Fury's Hour - A (Sort-of) Punk Manifesto
Random House - 2005
Though not without merit, Warren Kinsella's Fury's Hour is a frustrating book on a number of levels. The Toronto-based lawyer, ex-Liberal staffer and occasional scribe for the right-wing Toronto Sun newspaper, initially starts things off with what seem like the autobiographical renderings of an ex-punk's mid-life crisis. Indeed, Kinsella injects a healthy dose of self-deprecation in the first chapter when he refers to himself as "a boring old fart of the type that I used to malign back when I wrote songs for the punk outfit calling itself the Hot Nasties. Yes," he adds, 'I have become that which I once sought to destroy."
That story - an introspective look at the invariably poignant and ultimately pathetic futility of an aging hipster - would have been a welcome addition to the overcrowded shelves of books on punk. (What crusty old ex-punk hasn't tried to boost their street cred with tales of some long-ago show only to be shot down with that blank stare that the youngsters do so well?) But unfortunately Fury's Hour quickly changes tack, setting off on a different, totally unnecessary course through punk's back pages, from Sniffin' Glue's Mark Perry to John Lydon...basically anyone Kinsella could track down to interview, really.
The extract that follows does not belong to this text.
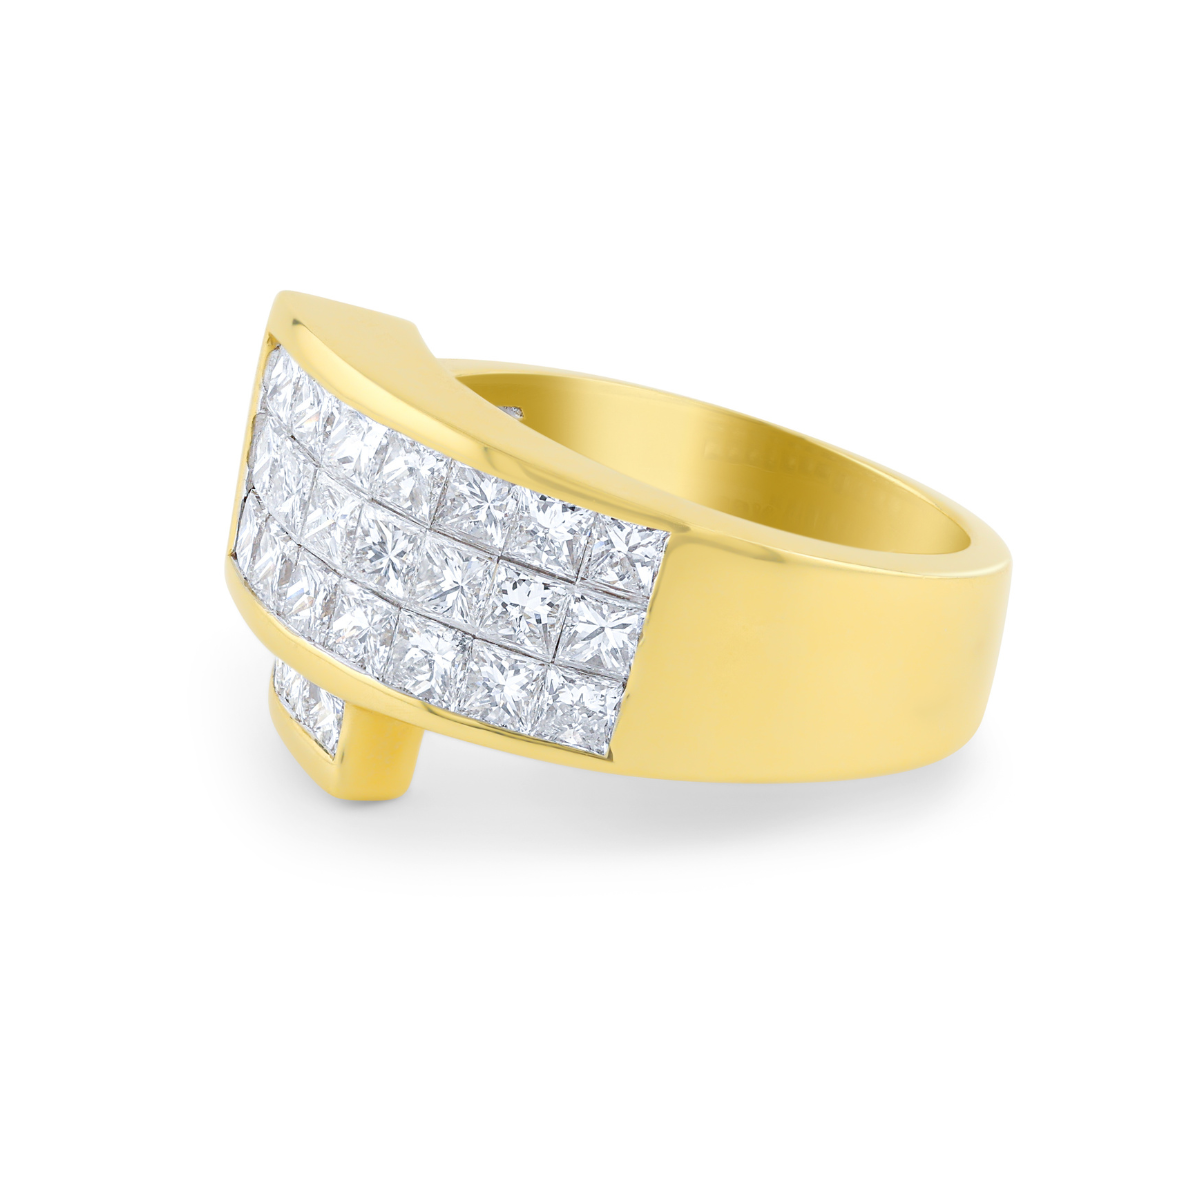 Princess cut diamond band ring
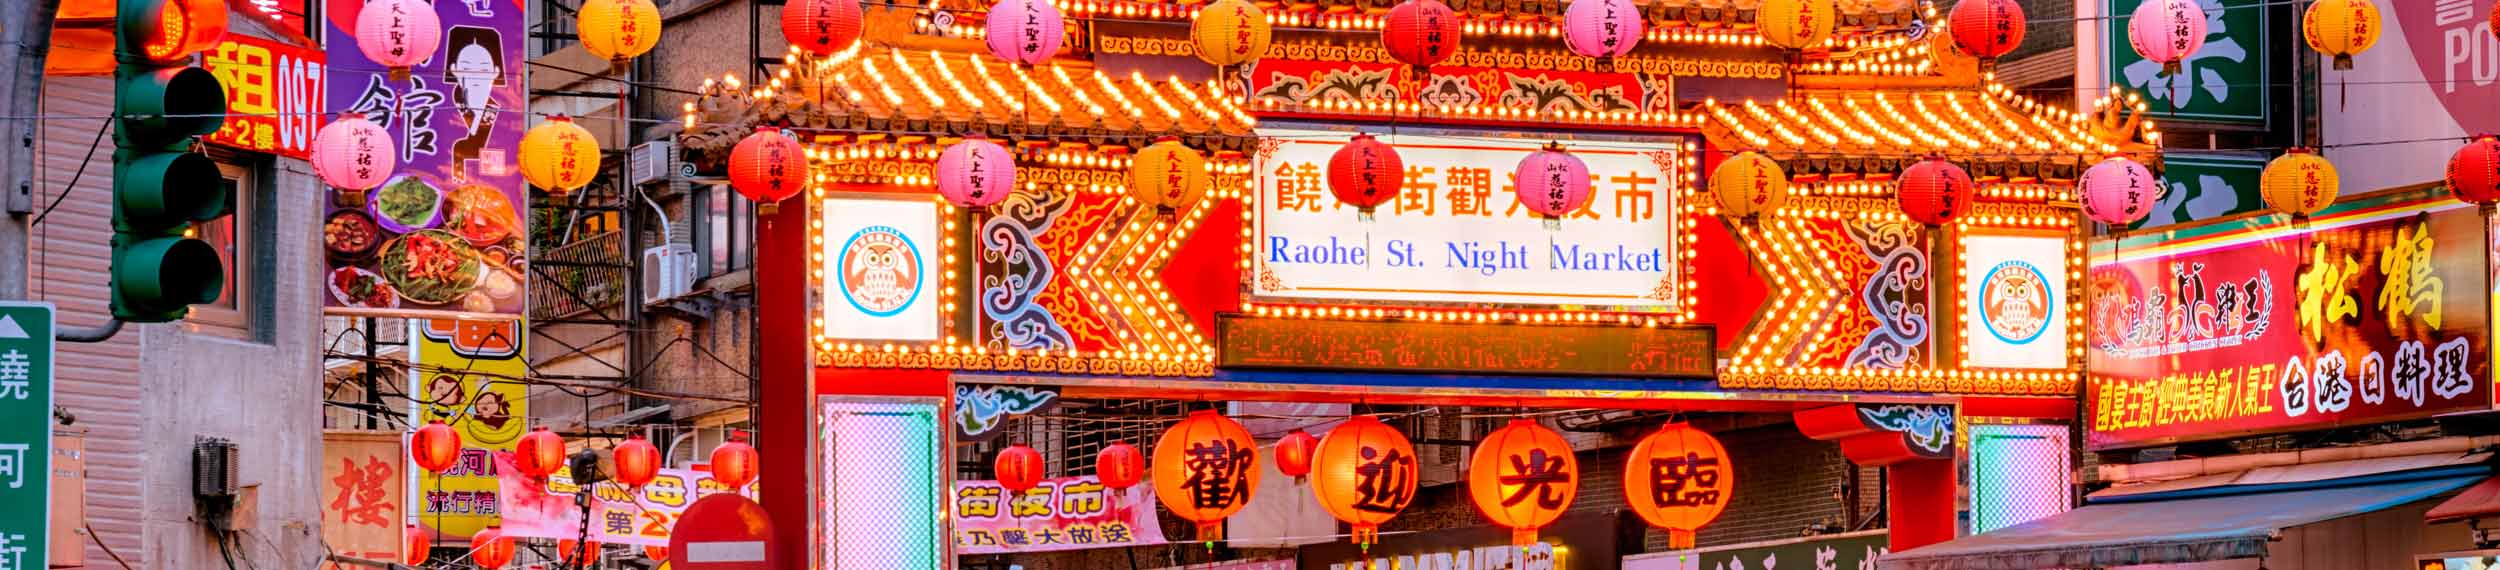 Entrance of Raohe Street Night Market in Taipei, Taiwan.

For this sort of stuff, we can consult Wikipedia.
And if that weren't enough to cause an editor to demur, Kinsella wastes reams of space on that most risible of canards, the true punk. Surely anyone who lived through those days of parsing guitar solos or sizing up haircuts to determine who was new wave and who was punk would realize the utter silliness of it all. At forty-five years of age, the otherwise perceptive Kinsella ought to have known better. And speaking of poseurs, this mostly well-written book is sullied with his frequent and gratuitous use of profanity, specifically the use of "fucking" as an intensifier.
All that said, Fury's Hour does contain two excellent chapters that make it essential reading (especially since it has been heavily remaindered and can probably be picked up pretty cheap). The first deals with punk's more extreme elements, both right and left, where Kinsella picks through the brains of RaHoWa founder and former white supremacist George Burdi and ex-Subhuman and direct actionist Gerry Hannah. And the second is a positively charming account of how a teenaged Kinsella and pals hiked from Edmonton to Vancouver to see the Clash on their 1979 tour, only to end up serendipitously partying with their heroes backstage. If there were any doubts as to who was the coolest punk ever, the lads' brief moment with the late Joe Strummer will lay those to rest forever. My eyes actually welled up reading this one.